* **WHAT IS EXPECTED**: For this exercise, restate every line below word for word and drop the images.

* **DATA BELOW**:
- - - -
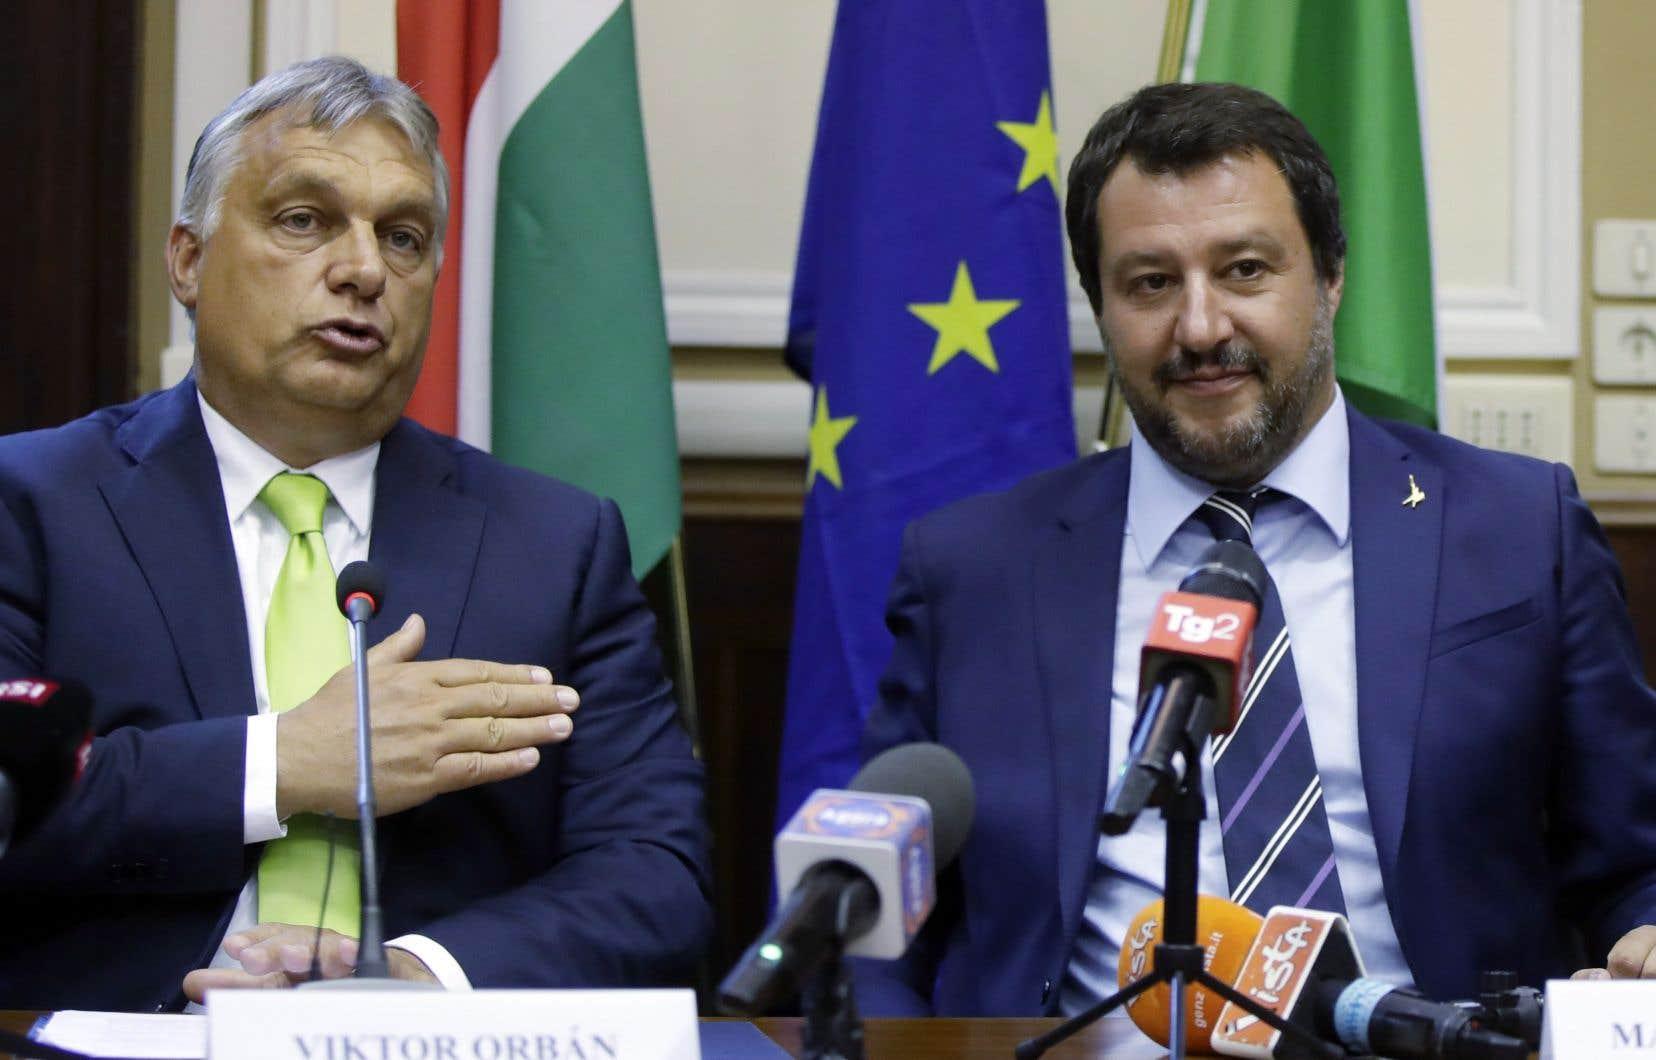 Emmanuel Macron a été clairement pris pour cible mardi par les deux principaux partisans de la ligne dure contre les migrants: Viktor Orbán et Matteo Salvini.
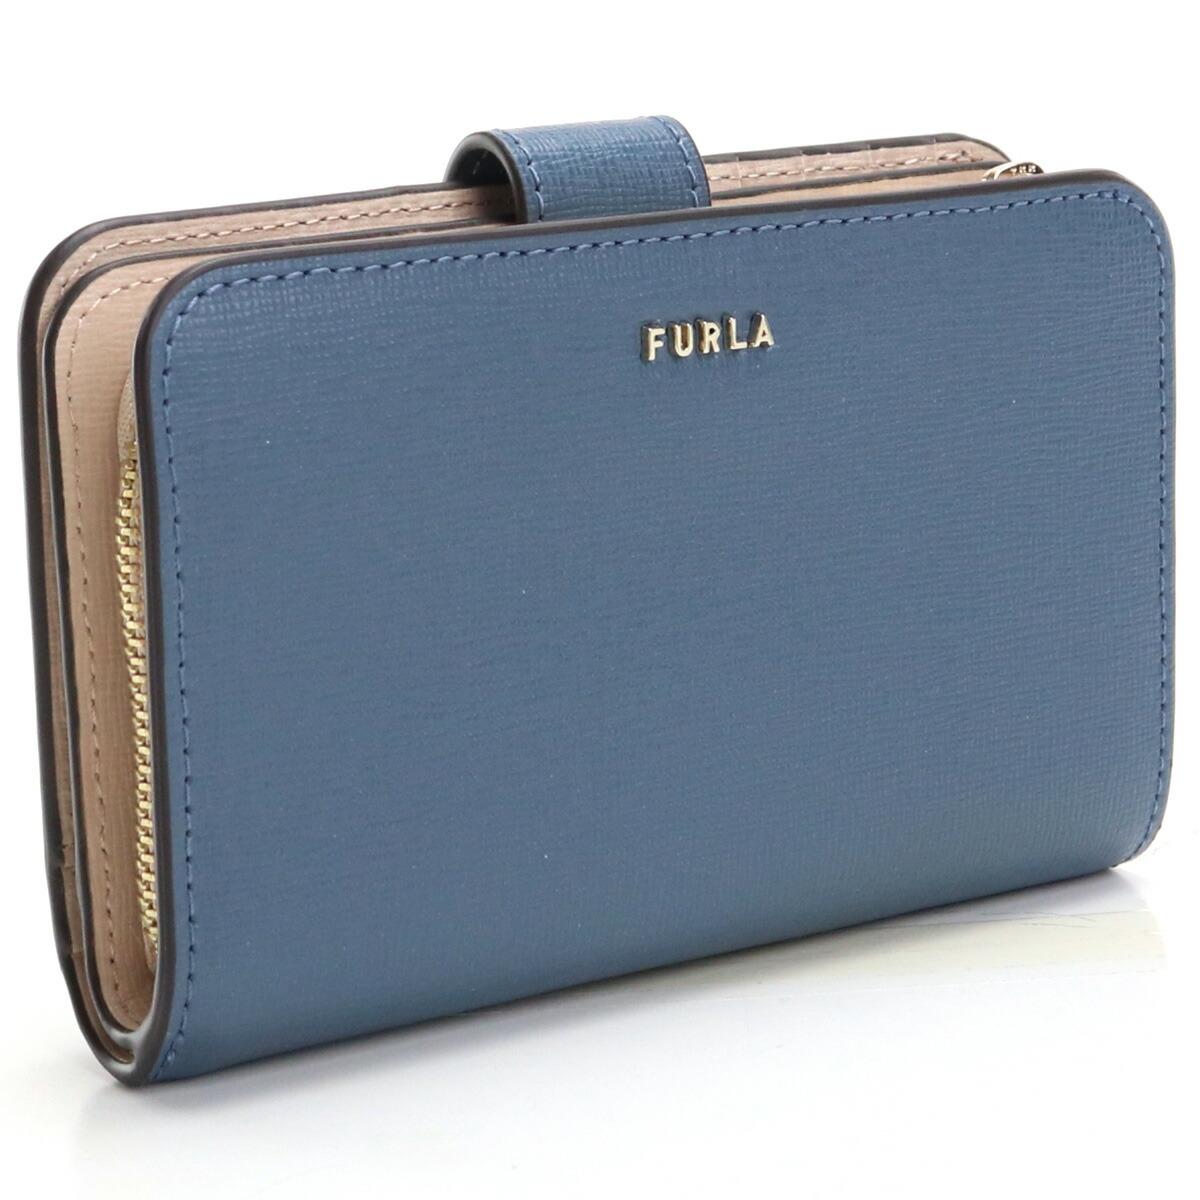 フルラ FURLA BABYLON 2つ折り財布 ブランド財布 コンパクト財布 ミニ財布 PCX9UNO B30000 0245S BLU DENIM+BALLERINA ブルー系
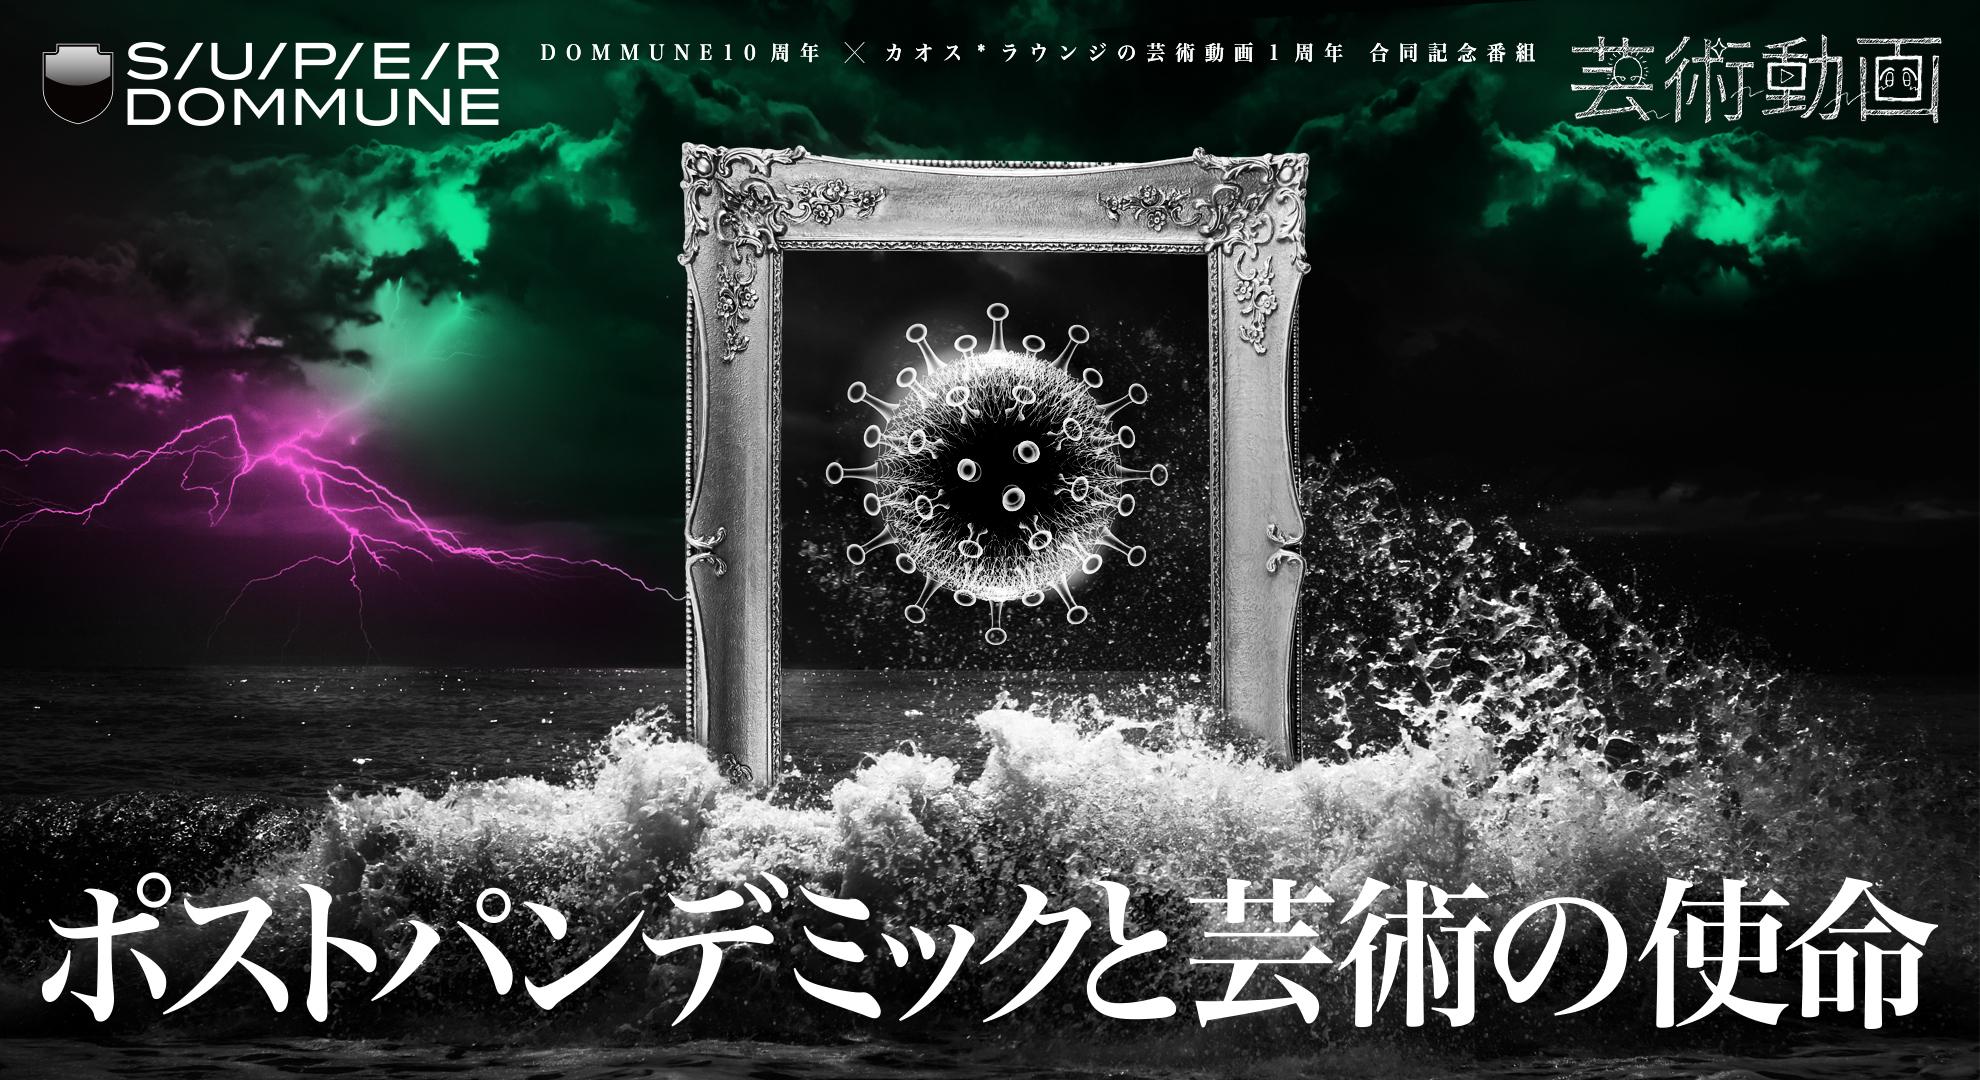 【芸術動画】「ポストパンデミックと芸術の使命」DOMMUNE×カオス*ラウンジ
- - - -
* **SOLUTION FOR THIS EXERCISE**:
 Emmanuel Macron a été clairement pris pour cible mardi par les deux principaux partisans de la ligne dure contre les migrants: Viktor Orbán et Matteo Salvini.
 フルラ FURLA BABYLON 2つ折り財布 ブランド財布 コンパクト財布 ミニ財布 PCX9UNO B30000 0245S BLU DENIM+BALLERINA ブルー系
 【芸術動画】「ポストパンデミックと芸術の使命」DOMMUNE×カオス*ラウンジ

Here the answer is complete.